Należę do potomków Józefa Kobosowicza. Bardzo serdecznie dziękuję za trud ustalenia życiorysu Józefa Kobosowicza i jego potomnych. Przesyłam zdjęcie Józefa Kobosowicza, wraz z jego żoną Stanisławą z Pomiankowskich oraz dziećmi Eugenią i Leopoldem. Zdjęcie pochodzi z książki o Krzysztofie Pendereckim: "Pasja "autorstwa Przemysława Ćwiklińskiego i Jacka Ziarno - Polska Oficyna Wydawnicza "BGW".

Adam Kobosowicz miał żonę o imieniu Zofia oraz córkę Hannę. Umarł, wg. mnie, wcześniej niż w 1973. Był to rok 1972.

Stanisław Kobosowicz uczył w Toruniu łaciny, niemieckiego i angielskiego. Zmarł w 2000r.

Maria Kobosowicz wyszła ponownie za mąż za Leona Przybylskiego grubo po wojnie, o ile pamiętam, to w końcu lat 60 i dopiero wtedy pojechała do Anglii, gdyż tam jej drugi małżonek mieszkał. Po wojnie długo czekała na pierwszego męża, nie mając pewności, że zginął podczas wojny.

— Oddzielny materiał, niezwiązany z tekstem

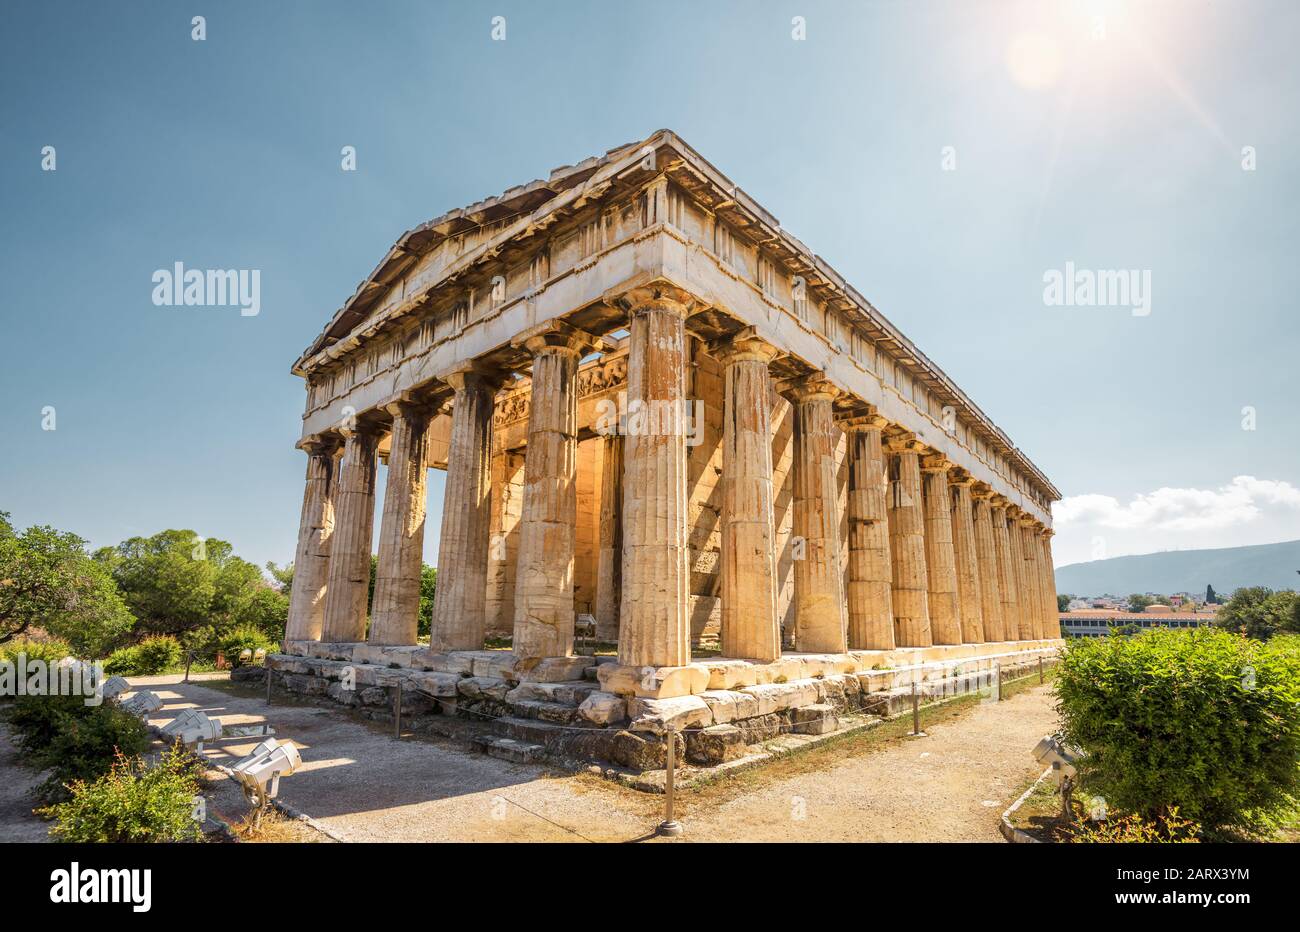 Tempel des Hephaestus in Agora, Athen, Griechenland. Es ist eines der wichtigsten Wahrzeichen Athens. Sonniger Blick auf den antiken griechischen Tempel von Hephaestus. Berühmt Stockfoto

To tyle z mojej strony, dziękuję jeszcze raz autorowi za obszerną notatkę o Józefie Kobosowiczu i jego potomkach. Podziękowania należą się też ks.proboszczowi Edmundowi Brzany .

(...) nazwisko i imię do wiadomości redakcji



Józef Kobosowicz, choć w przekazach nienadowskich często zmieniano mu nazwisko na "Kobosiewicz" Jeżeli dziś zapytać mieszkańców Nienadówki kim był ten człowiek, większość na pewno wzruszyłaby tylko ramionami i nie ma się co temu dziwić. W Nienadówce przebywał krótko, bo tylko dwa lata, "narozrabiał" jak uważali ówcześni dzierżący władzę we wsi i na szczęście udało się go pozbyć, wprowadzając wieś znów na stare utarte szlaki. Inna część, ta chcąca wprowadzać zmiany na wiejskiej niwie z wielkim bólem i żalem żegnała swojego przewodnika do lepszych czasów. Kobosowicz Józef zjawił się w Nienadówce w roku 1883 zastępując na stanowisku nauczycielskim swojego poprzednika - Marcina Gdulę, zięcia organisty parafialnego, "który z tej posady przedtem dla usterek przeniesionym został".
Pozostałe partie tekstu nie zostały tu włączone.